Yo pensé que ese día yo me alegraría mucho. De verlo morir. Yo pensé, muchas veces, que alguien como ese hombre tendría que sufrir en vida para pagar todo lo que hizo y lo que ordenó hacer. Pero no. Murió convencido de haber hecho lo correcto y rodeado de las mejores atenciones. No sufrió. Se confirmó que es falso que en esta vida, todo se paga. Que lo que se hace, se devuelve. Que el bien siempre triunfa al final. Esas son frases vacías que vende la tele.
Y las víctimas. Yo me imaginaba un fiestón y me sorprendió ver el silencio con que se recibió la noticia. No se abrieron botellas de vino, no hubo gritos de alegría, no sonó la voz de Víctor. No hubo asados, ni llamadas, ni nada por el estilo. Siguieron la transmisión de los acontecimientos, incluyendo la amenaza del ejército de un nuevo golpe si no le hacían un funeral de estado; en silencio.

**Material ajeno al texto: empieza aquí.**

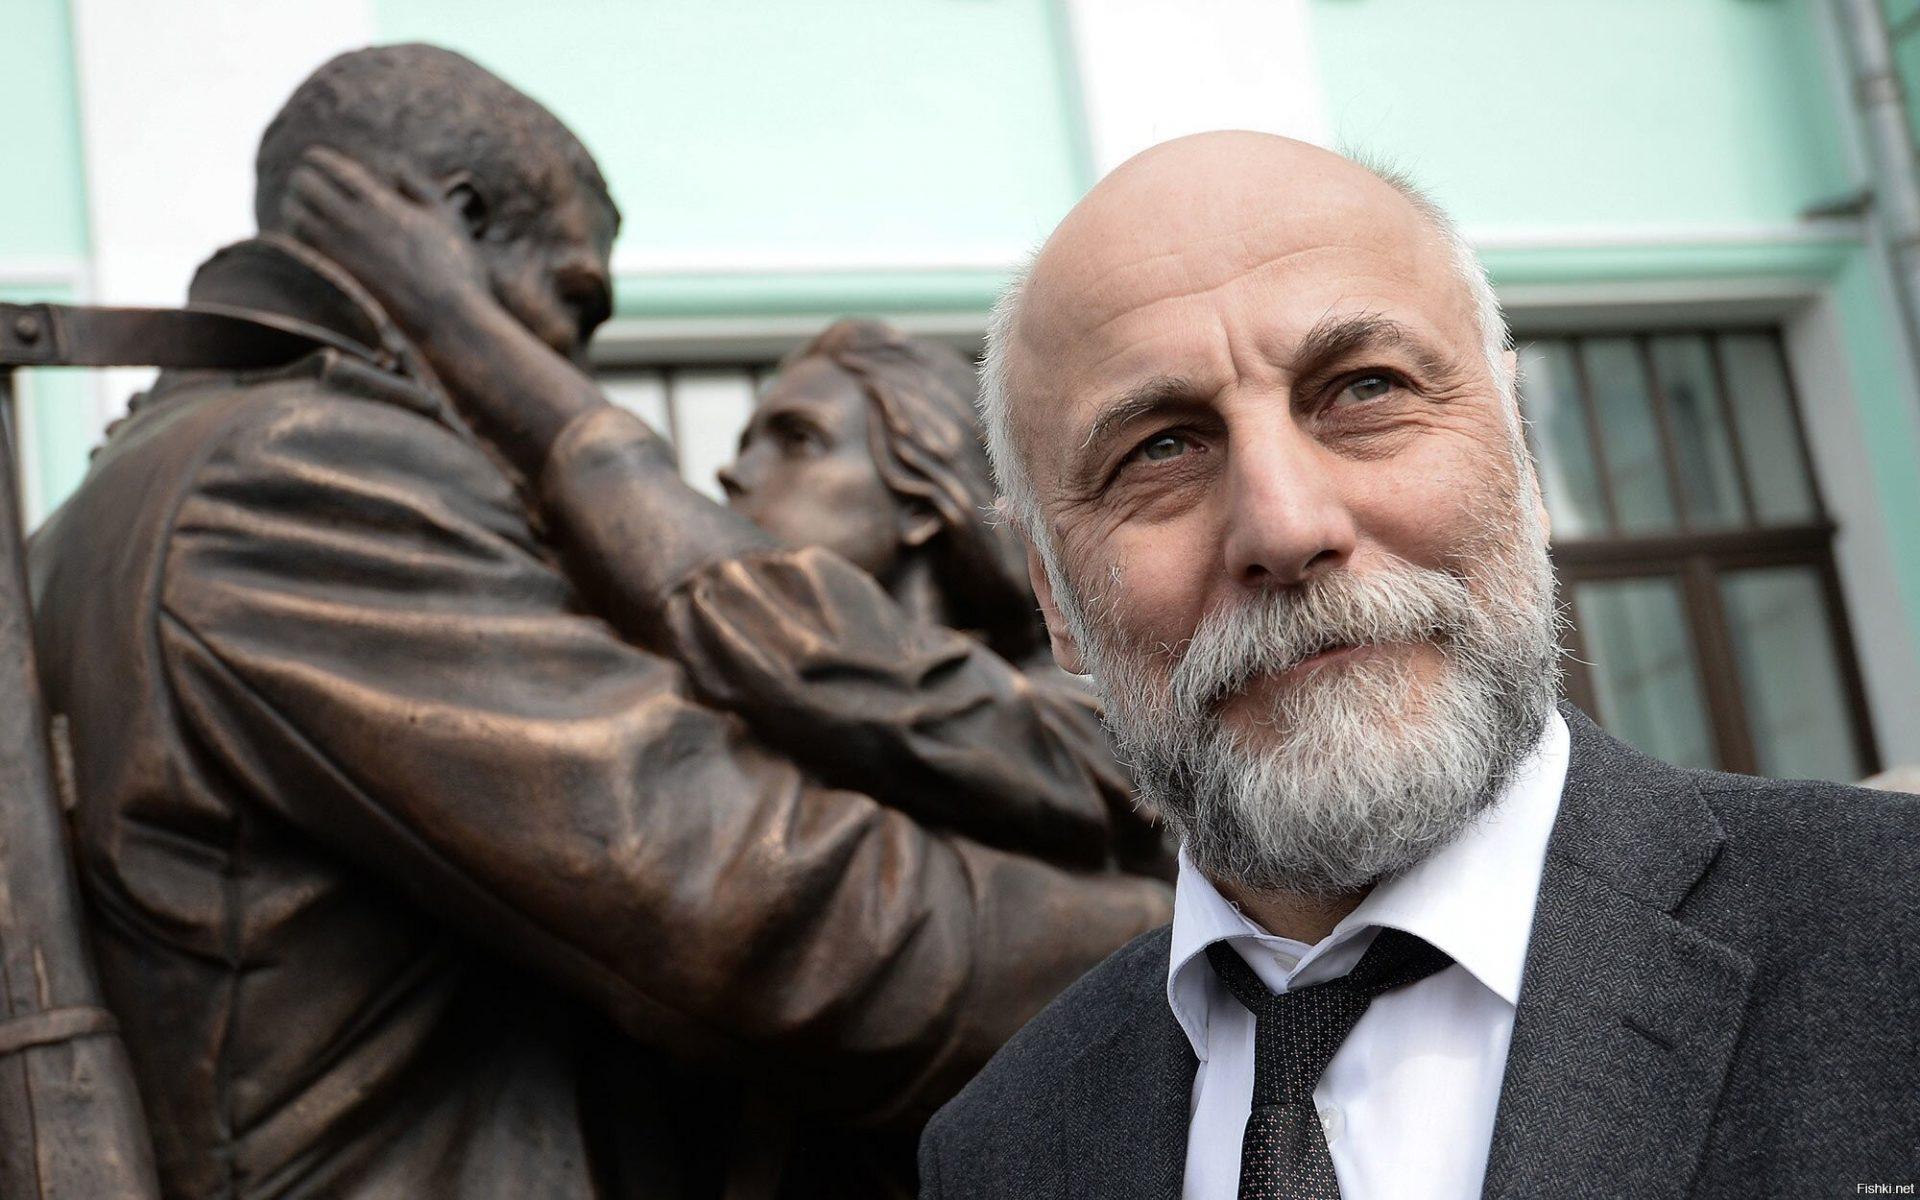 Константин Донгузов: скульптура генерала Шаймуратова станет смысловым центром реконструированной Советской площади в Уфе

Hoy, por cosas que pasan en la vida y particularmente por la muerte, lo entiendo. Me llaman a decirme que se está muriendo y yo me reviso por dentro y no siento nada. Nada. Me dicen que hizo mucho por mí cuando estaba chiquita. Es cierto. Pero también es cierto que lo pagué en sangre. De él aprendí que era cierto que hay personas malas en el mundo, aprendí los juegos de poder, las manipulaciones, las intrigas, las amenazas, los castigos, los efectos devastadores de la competencia y de las preferencias, los primeros ataques de pánico. Aprendí a quedarme callada cuando pasaban cosas que aun revivo en pesadillas, supe que el dinero compra silencios cómplices de cosas terribles. Me enseñó que la crueldad puede arruinar cualquier fecha, paseo o viaje, que las cosas se dirigen por plata, que la mentira funciona.

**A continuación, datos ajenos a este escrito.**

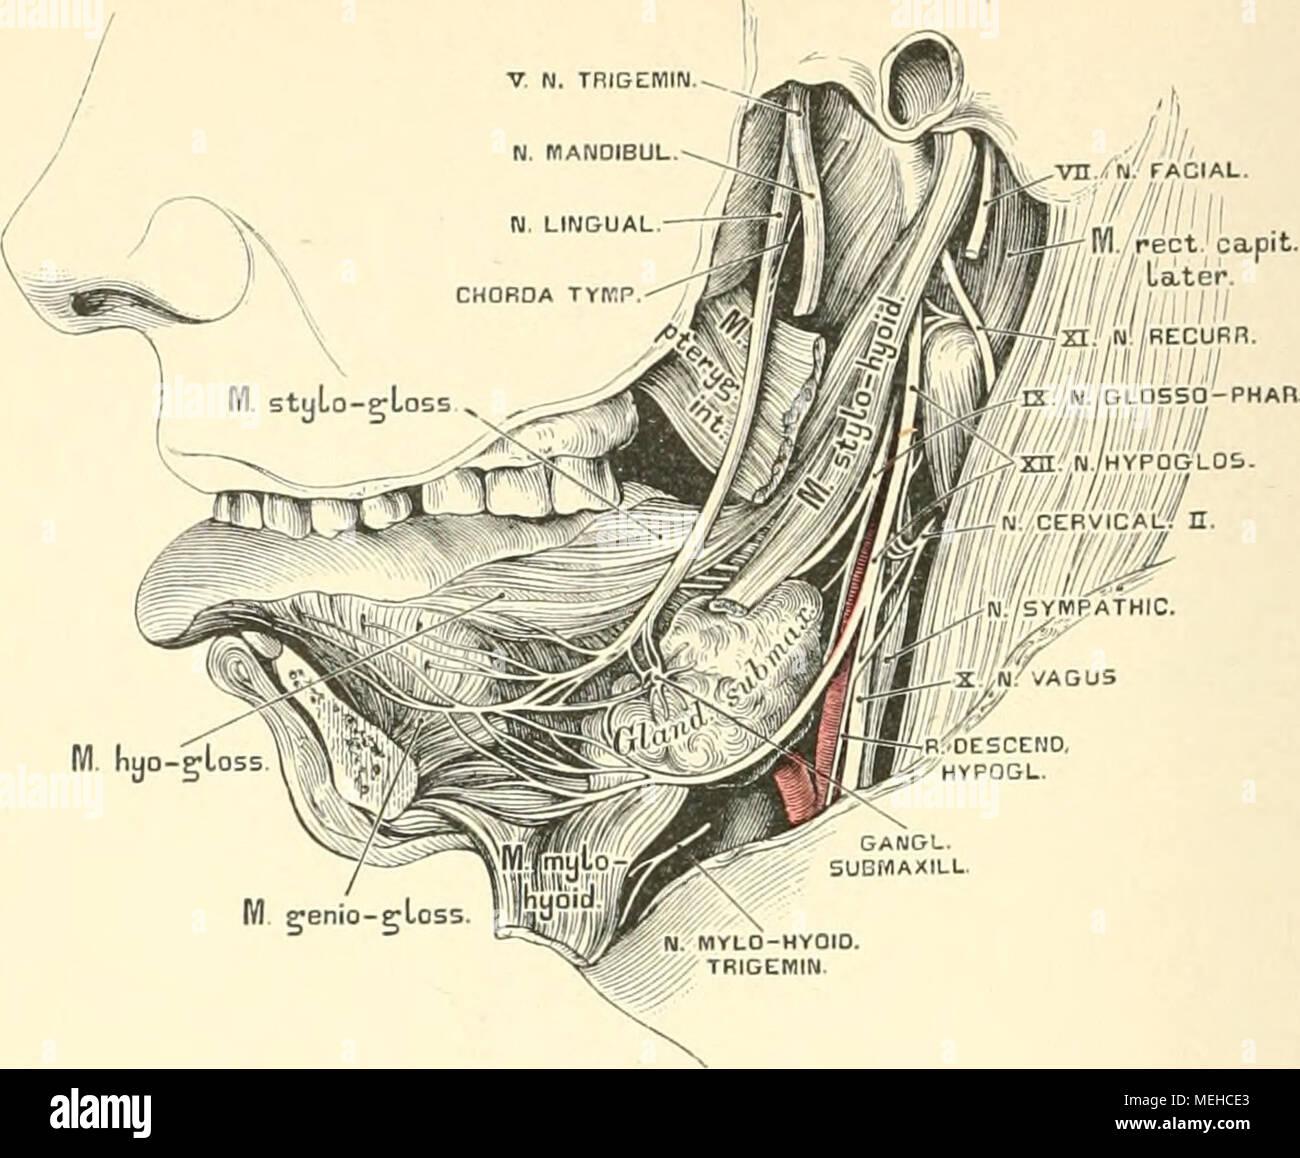 Mundhöhle Stockfotos & Mundhöhle Bilder - Alamy

Ni siquiera lo odio. No sé cuándo dejé de tenerle miedo y cuando dejé de odiarlo. Sí sé que nunca lo quise, que nunca lo pude querer, que era una barrera infranqueable, porque uno no llega a encariñase con quien te tortura. Pero hoy no siento nada. Ni siquiera hay ganas de llorar, compasión o agradecimiento de los viejos tiempos. Ni siquiera ese viejo temor, la incomodidad, la sensación de estar sentada en un disco encendido de cocina, el temor de dar un paso sin saber qué parte del piso está electrocutada. Bien decía Benedetti que un torturador no se redime suicidándose, pero algo es algo.
Yo hoy tengo misma paz de las víctimas chilenas. Una dignidad calma. Una impasibilidad absoluta. No es refractaria. Es plenamente consciente. A él la humanidad no le dio para perdonarme mi inocencia. A mí la mía no me permite alegrarme jamás de la muerte de un ser humano, por más vil que haya sido su vida. Pero mañana, cuando salga el sol, el mundo será un lugar más seguro para mí y para Santiago. Un hijo mío no lo conocerá nunca. Un niño en alguna parte se habrá evitado ese peligro. Habrá uno menos.
Y yo, que aun estoy aquí, cerraré los ojos y diré por dentro que ojalá haya encontrado paz en sus últimos momentos. Por lo demás, no me importa si se va al cielo o al infierno o qué le pasó, cómo, dónde y cuándo. Y me sentiré más libre, sin esa sombra, sin ese miedo. Se terminó. No más. Finalmente.